When she goes into his apartment, her boyfriend is wearing a wig. I'm going to be the Undertaker he tells her, brushing aside the long black hair. He describes the rest of his outfit: black boots, long coat, a bowler hat with a big rim. He shows her his wrestling entrance; he's practiced. Stand over there, he says and he walks toward her painfully slow. He puffs his chest and clenches his fists, his skinny arms held stiff and away from his body.
     
He puts in a video saying, we have to watch this. It's our epic battle, he says. Mankind vs. The Undertaker. Hell in a Cell. The most infamous match of all time, he says to the screen.
   
They watch a steel, fenced cage descend from the ceiling, enveloping the ring and surrounding area. There is music and strobe, cheering.
   
It is custom built for injury, the announcer says.
   
Her character, Mankind enters the arena, disheveled and drunk-seeming, weaving and carrying a chair. He wears a loose tie, a ripped shirt, boots, and a mask. His hair looks greasy and slept-on.
   
That's you, her boyfriend says with a slap on the back.
   
Can you imagine what this human being will do to himself? the announcer asks.
   
Mankind throws the chair on top and then heaves himself onto the cage. The Undertaker enters in blasts of fire. She recognizes his signature, slow walk and his fists that seem permanently clenched.
   
Shortly after the match begins, her boyfriend's character throws hers off the sixteen-foot cage.
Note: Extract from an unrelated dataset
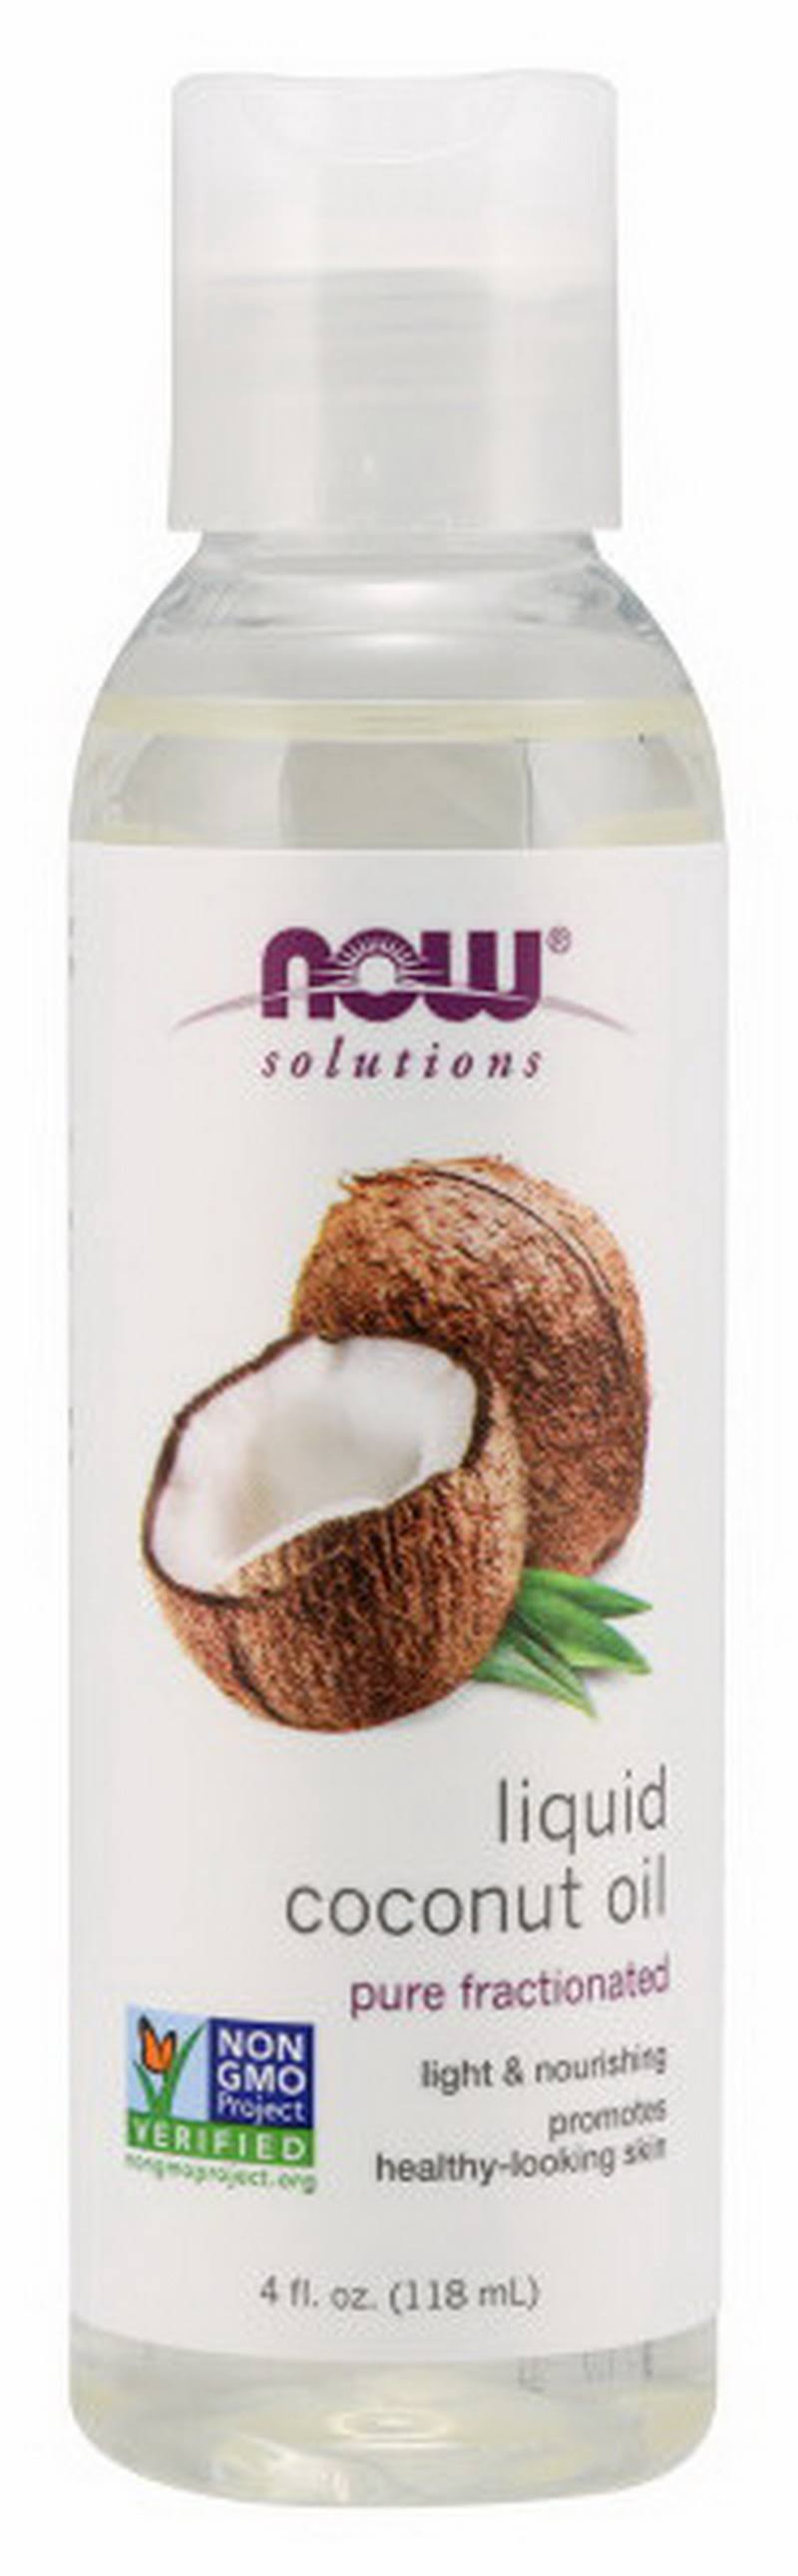 Now Liquid Coconut Oil 4 fl oz

Oh my God, an announcer pleas. Somebody get out here.
   
Don't worry, he gets up, her boyfriend says, patting her leg.
   
The throw is replayed until the quick thump upon impact feels part of her body.
   
Once Mankind is back on his feet, the match resumes. She half closes her eyes.
   
This is when I chokeslam you through the cage, her boyfriend says before Mankind falls again, this time into the ring. Her boyfriend leans over and kisses her on the cheek.
   
After, he shuts off the TV and turns to her. So you'll do it? he asks, leaning in close to her nose. You'll be Mankind?
   
Sure, she says smiling.
     
When she gets home, she sneaks into her bedroom before her roommate starts talking. She feels guilty, but just wants to sleep. Her roommate tells longwinded stories about eating habits, previous pet names, preferred detergents.
   
Eventually, she thinks, there will be no roommates, just two wrestlers, beefy in boots. Something will send her careening sixteen feet, or propel her through fence. After, he will draw her in, whisper in her ear. It will be fine, he'll say and then That must feel good.  He will say, And then the horse died, and it will be hilarious. They will roll on the floor in hyperventilate breath, in a jumble of laughter and clutch.